Our health economic analyses confirm that renal transplant patients in both arms of the trial had relatively high levels of hospital use at baseline and follow-up. Patterns of care did not differ substantially over time. However, at follow-up, the unblinded BLC group were making more use of inpatient care, with consequently higher costs. QALYs were almost the same for the groups. The incremental cost per QALY for BLC over SC care was substantially greater than the threshold used by NICE. If the costs of screening were included, then this ratio would be even higher indicating that screening is unlikely to be cost-effective. The screening costs were not available at the time of the analysis. However, subsequently these have been reported as approximately £140 per test. It will be clear that this will make no meaningful difference to the findings on cost-effectiveness. The costs of immunotherapy were not included but these amount to only around £100 per patient (with the widespread availability of generics) and so again would not change the findings reported here.

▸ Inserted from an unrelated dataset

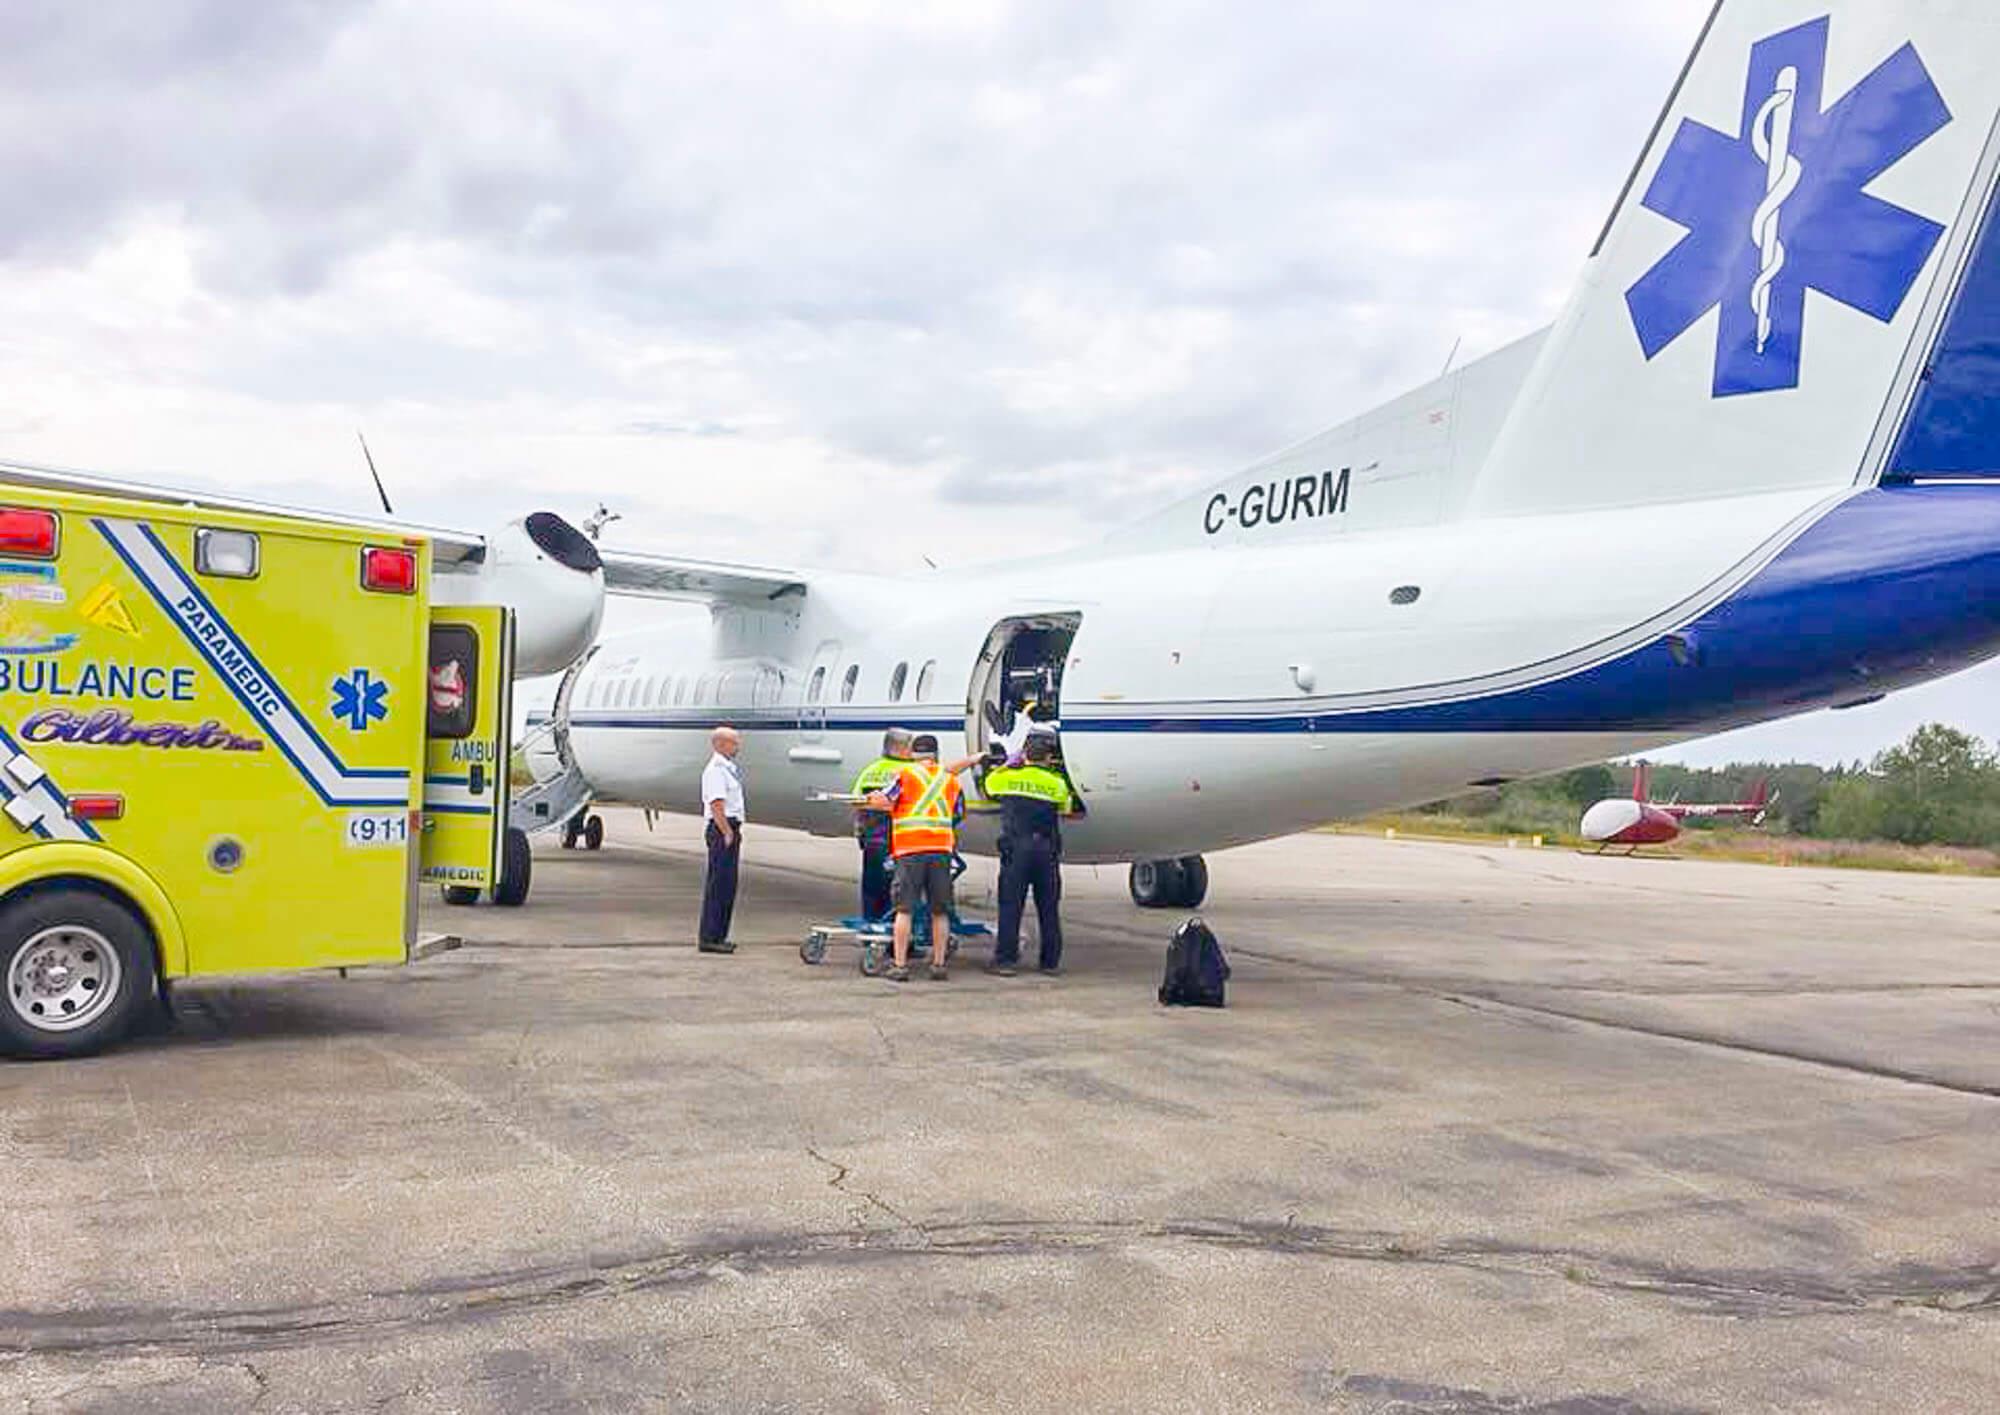 Aéroport Matane avion-ambulance urgences évacuations aérodrome Dash 8

All these data suggest that routine screening for HLA Ab is currently difficult to justify in the absence of any treatment that impacts of transplant survival. These results will impact significantly on how transplant centres around the world organise their post-transplant monitoring and should encourage a global effort to find novel approaches and treatments to prolong allograft survival in the face of DSA.
The validity of HLA Ab as a prognostic biomarker for kidney transplant failure was first demonstrated in retrospective case–control studies showing a higher prevalence of IgG Ab against donor HLA in failed compared to working transplants. 3,4 Later prospective studies reported a higher graft failure rate in those with HLA Ab compared to patients without. 5,6 Lachmann et al.,7 in a cohort of > 1000 patients reported 5-year graft failure rates of 51% for patients with DSA, 30% for patients with non-DSA and 17% for patients with no HLA Ab. This study also established the importance of repeat testing for HLA Ab and demonstrated that the majority of HLA Ab+ patients who were biopsied showed changes consistent with chronic immune-mediated injury. These findings were corroborated by a second study from the Netherlands,8 in which the risk of graft failure with HLA Ab was also shown to be independent of graft dysfunction and proteinuria. These studies provided one of the foundations for OuTSMART.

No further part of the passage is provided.